You talking about all glued joints for the under sink, good idea but, I like the idea of a baffled tee to divert the GD on the end outlet.


----------



## Ron (Jun 12, 2008)

ToUtahNow said:


> The only time I used a 2" trap at a lav or KS is when I used a 2" trap arm.
> 
> Mark



True, if the trap arm is 2" then you have to use a 2" trap to pass code here, bushing it down on the inlet side of the trap for the sink tie ins


----------



## ToUtahNow (Jul 19, 2008)

Ron The Plumber said:


> We always run 2" to our lavs up to the tee in the wall. even thou code only requires 1-1/2" for the waste.
> 
> Mark do you do the same on all the under floors, 2" up tot the trap arms?

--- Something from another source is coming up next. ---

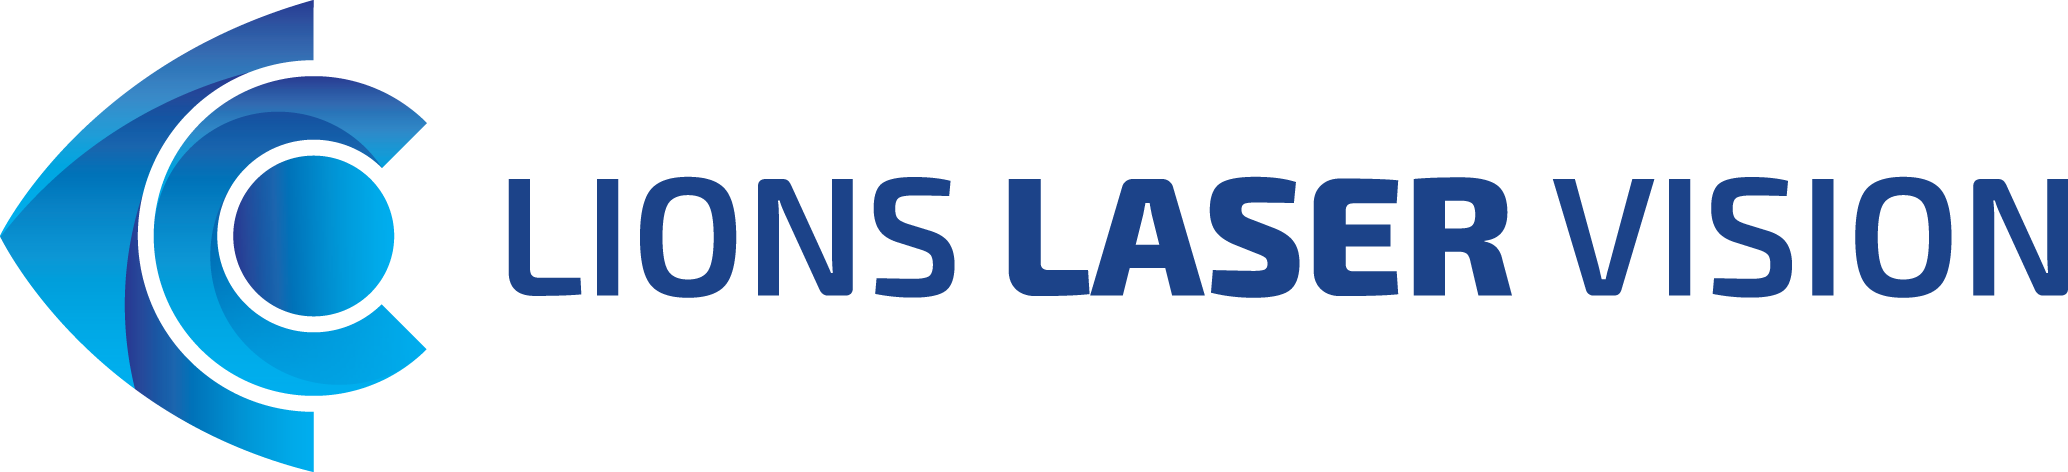 Lions Laser Vision - Service Manager Logo Clipart (2068x472), Png Download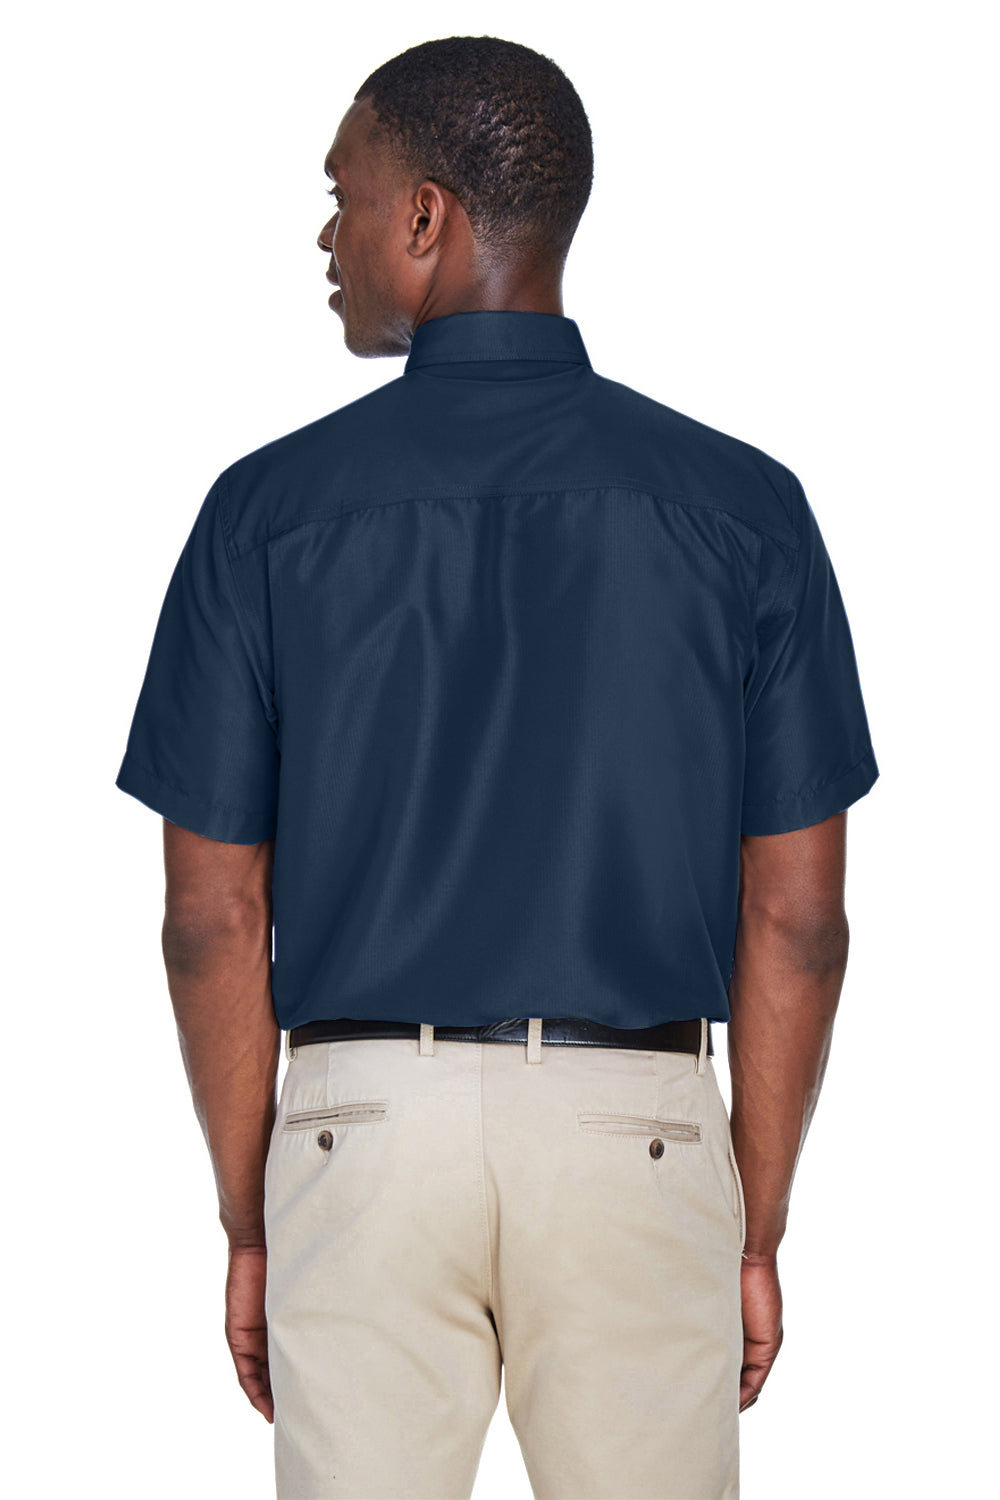 Harriton M580 Mens Key West Performance Short Sleeve Button Down Shirt w/ Double Pockets Navy Blue Back

Slab or raised foundation they were all piped the same. Of course we were not doing tract homes either.

Mark


----------



## Bill (Jun 17, 2008)

I always try to use 2" drains for sinks and tubs when it gets behind the walls or under the floor, its easier and less fittings to carry too.

Supply lines I max out with my compressor, about 120 to 140 psi (Copper lines and pex only) plastic pipes I double the working pressure for tests. 

All my supply lines are 3/4 all the way to the fixture, then I use a 3/4 x 1/2 90 to stub out with.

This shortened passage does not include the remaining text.